See all articles by Su Jia

## Su Jia

Carnegie Mellon University - David A. Tepper School of Business

## Andrew Li

affiliation not provided to SSRN

## R. Ravi

Carnegie Mellon University - David A. Tepper School of Business

Date Written: June 7, 2021

### Abstract

We consider the Unimodal Multi-Armed Bandit problem where the goal is to find the optimal price under an unknown unimodal reward function, with an additional "markdown" constraint that requires that the price exploration is non-increasing. This markdown optimization problem faithfully models a single-product revenue management problem where the objective is to adaptively reduce the price over a finite sales horizon to maximize expected revenues.

We measure the performance of an adaptive exploration-exploitation policy in terms of the regret: the revenue loss relative to the maximum revenue that could have been attained when the demand curve is known in advance. For the case of $L$-Lipschitz-bounded unimodal revenue functions with infinite inventory, we present a natural policy that explores the price space at a uniform optimal speed in $T$ steps and has regret $O(T^{3/4} (L\log T)^{1/4})$.

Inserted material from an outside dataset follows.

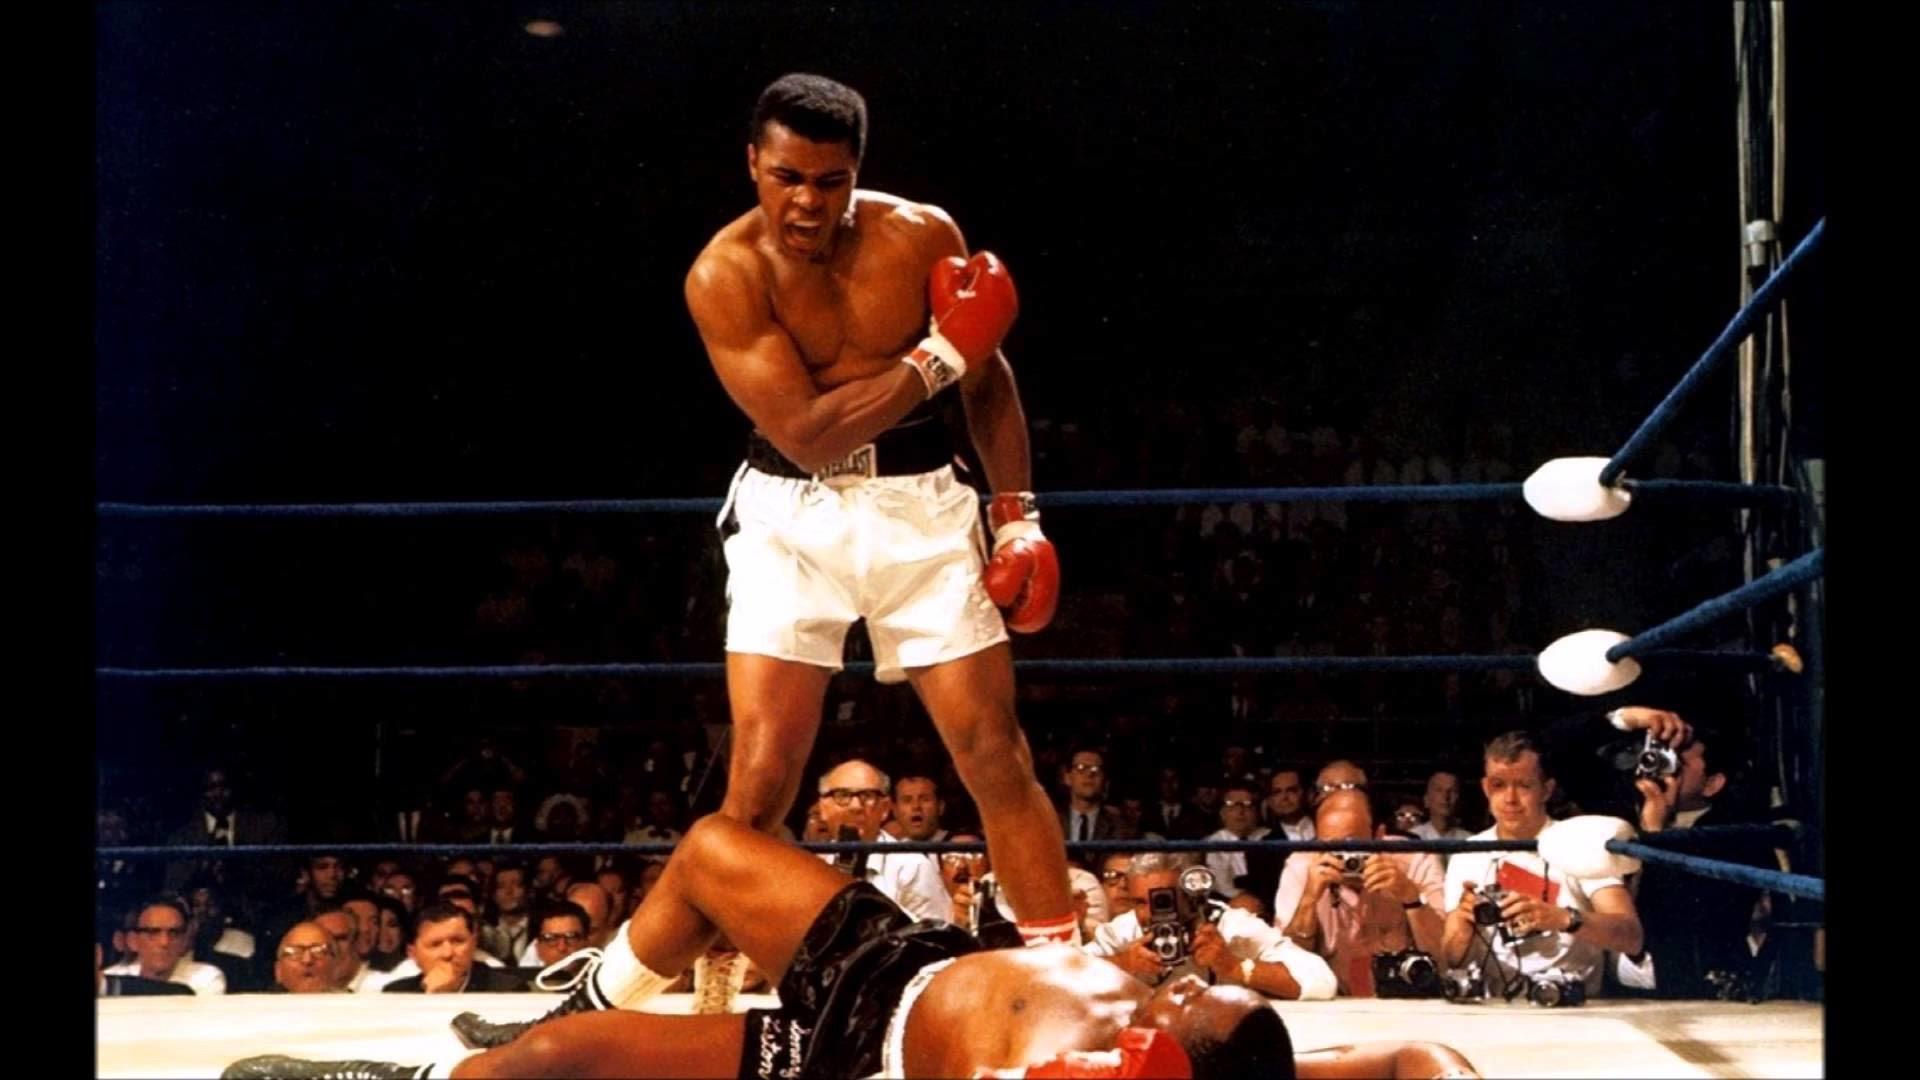 Muhammad Ali Wallpaper 1920x1080 78 Images

On the other side, we provide an almost-matching lower bound of $\Omg(L^{1/4}T^{3/4})$ on the regret of any policy. Further, under mild assumptions, we show that the above tight bounds also hold when the \inv\ is finite but is on the order of $\Omg(T)$. Our tight regret bounds highlight the additional complexity of the markdown constraint, and are asymptotically higher than the corresponding bounds without this markdown requirement of $\tilde{\Theta}(T^{1/2})$ for unimodal bandits and $\tilde{\Theta}(L^{1/3} T^{2/3})$ for $L$-Lipschitz bandits. We finally consider a generalization called Dynamic Pricing with Markup Penalty where the seller is allowed to increase the price by paying a markup penalty of magnitude $O(T^c)$ per markup where $c\in [0,1]$ is a given constant. We extend our results to a tight $\tilde O(T^{\mathrm{med}\{\frac{2}{3}, \frac{3}{4}, c\}})$ regret bound for this variant\footnote{$\mathrm{med}\{a,b,c\}$ denotes the median of the numbers $a,b,c$.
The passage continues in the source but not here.